If the PE and the CE are themselves BGP peers (see Section 7), then the SP may allow the customer, within limits, to specify how its routes are to be distributed. The SP and the customer would need to agree in advance on the set of RTs that are allowed to be attached to the customer's VPN routes. The CE could then attach one or more of those RTs to each IP route that it distributes to the PE. This gives the customer the freedom to specify in real time, within agreed-upon limits, its route distribution policies. If the CE is allowed to attach RTs to its routes, the PE MUST filter out all routes that contain RTs that the customer is not allowed to use. If the CE is not allowed to attach RTs to its routes, but does so anyway, the PE MUST remove the RT before converting the customer's route to a VPN-IPv4 route.

4.3.2. Route Distribution Among PEs by BGP

If two sites of a VPN attach to PEs that are in the same Autonomous System, the PEs can distribute VPN-IPv4 routes to each other by means of an IBGP connection between them. (The term "IBGP" refers to the set of protocols and procedures used when there is a BGP connection between two BGP speakers in the same Autonomous System. This is distinguished from "EBGP", the set of procedures used between two BGP speakers in different Autonomous Systems.) Alternatively, each can have an IBGP connection to a route reflector [BGP-RR].

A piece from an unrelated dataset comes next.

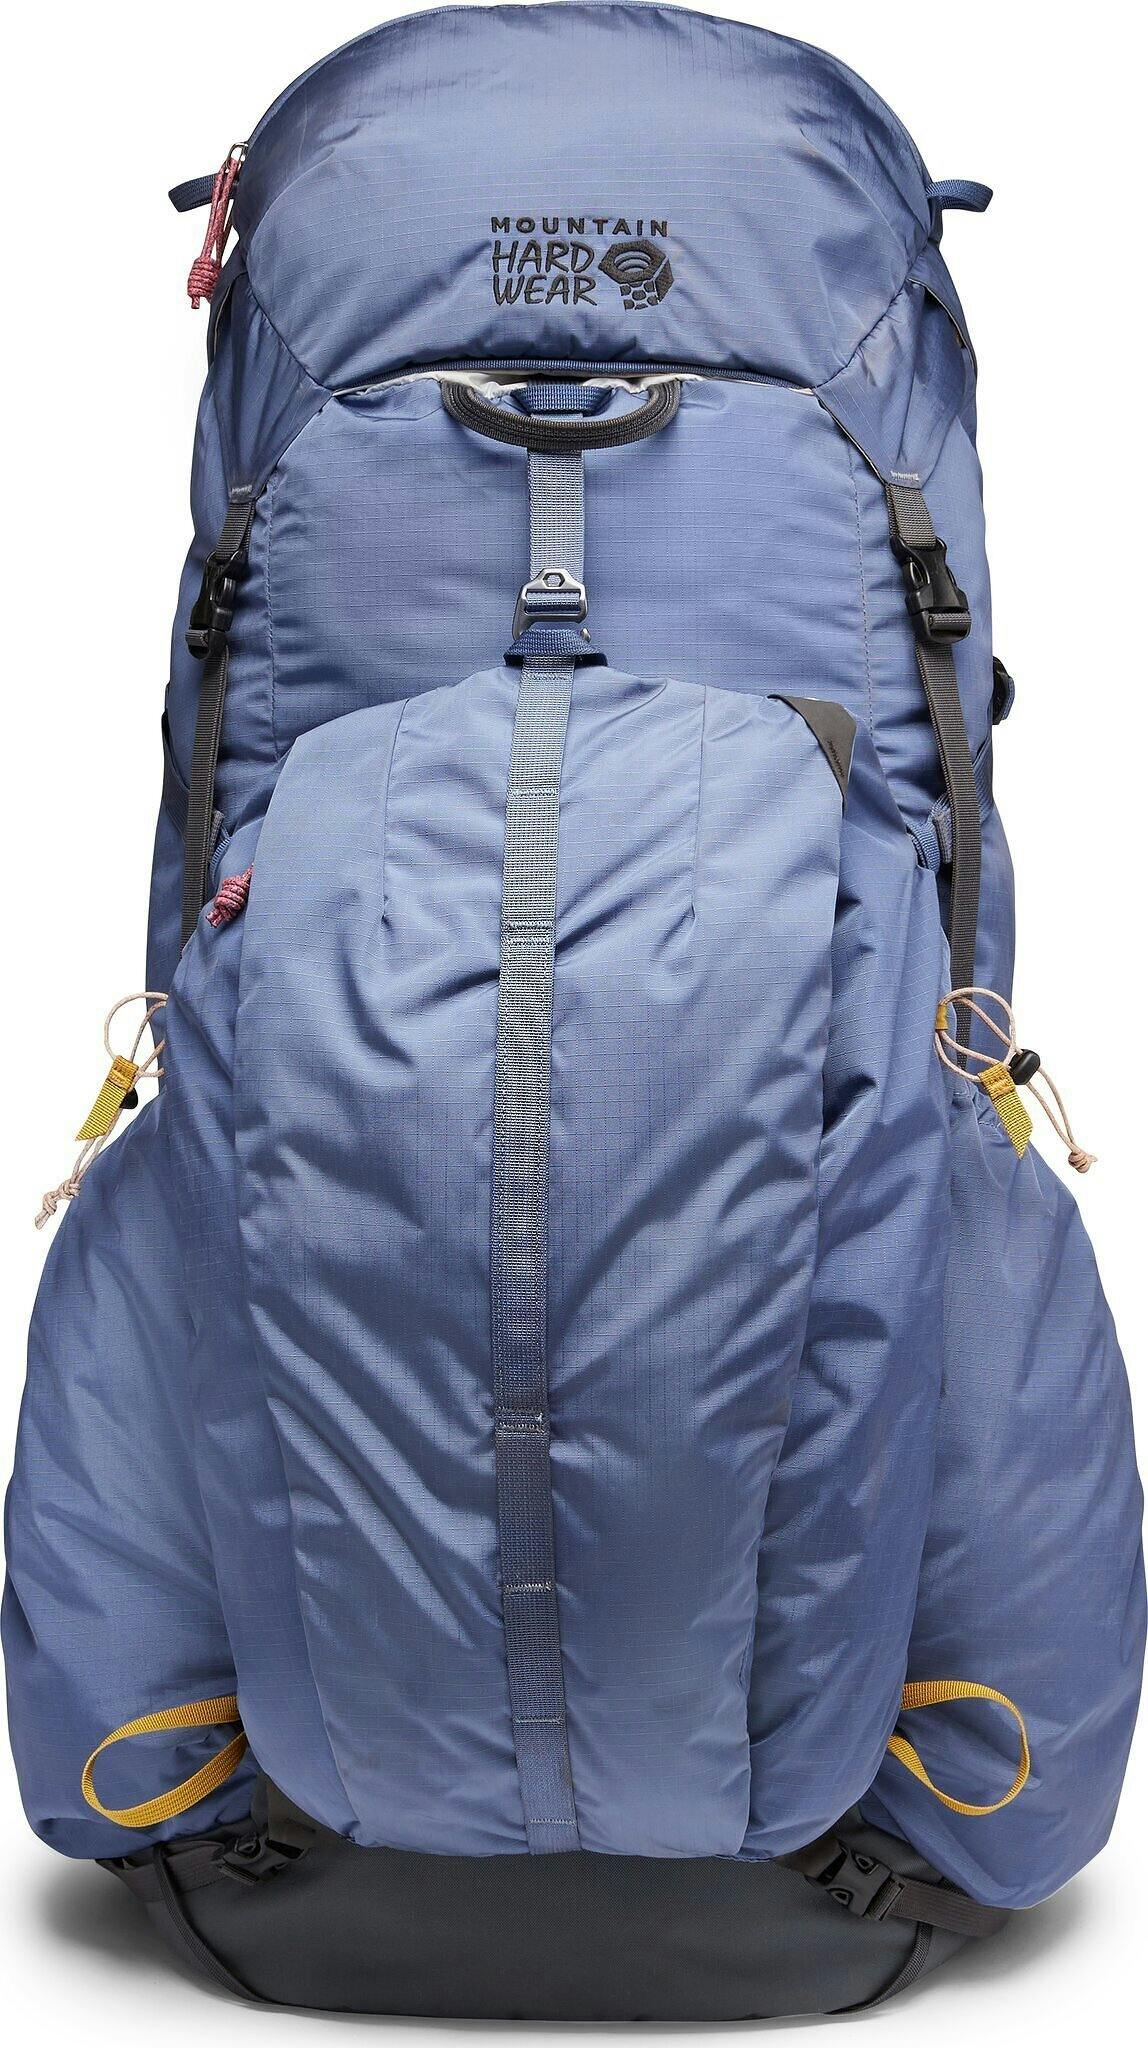 Product image for PCT W Backpack 65L - Women's

When a PE router distributes a VPN-IPv4 route via BGP, it uses its own address as the "BGP next hop". This address is encoded as a VPN-IPv4 address with an RD of 0. ([BGP-MP] requires that the next hop address be in the same address family as the Network Layer Reachability Information (NLRI).) It also assigns and distributes an MPLS label. (Essentially, PE routers distribute not VPN-IPv4 routes, but Labeled VPN-IPv4 routes. Cf. [MPLS-BGP].) When the PE processes a received packet that has this label at the top of the stack, the PE will pop the stack, and process the packet appropriately.

The PE may distribute the exact set of routes that appears in the VRF, or it may perform summarization and distribute aggregates of those routes, or it may do some of one and some of the other.

Suppose that a PE has assigned label L to route R, and has distributed this label mapping via BGP. If R is an aggregate of a set of routes in the VRF, the PE will know that packets from the backbone that arrive with this label must have their destination addresses looked up in a VRF. When the PE looks up the label in its Label Information Base, it learns which VRF must be used. On the other hand, if R is not an aggregate, then when the PE looks up the label, it learns the egress attachment circuit, as well as the encapsulation header for the packet. In this case, no lookup in the VRF is done.

We would expect that the most common case would be the case where the route is NOT an aggregate. The case where it is an aggregate can be very useful though if the VRF contains a large number of host routes (e.g., as in dial-in), or if the VRF has an associated Local Area Network (LAN) interface (where there is a different outgoing layer 2 header for each system on the LAN, but a route is not distributed for each such system).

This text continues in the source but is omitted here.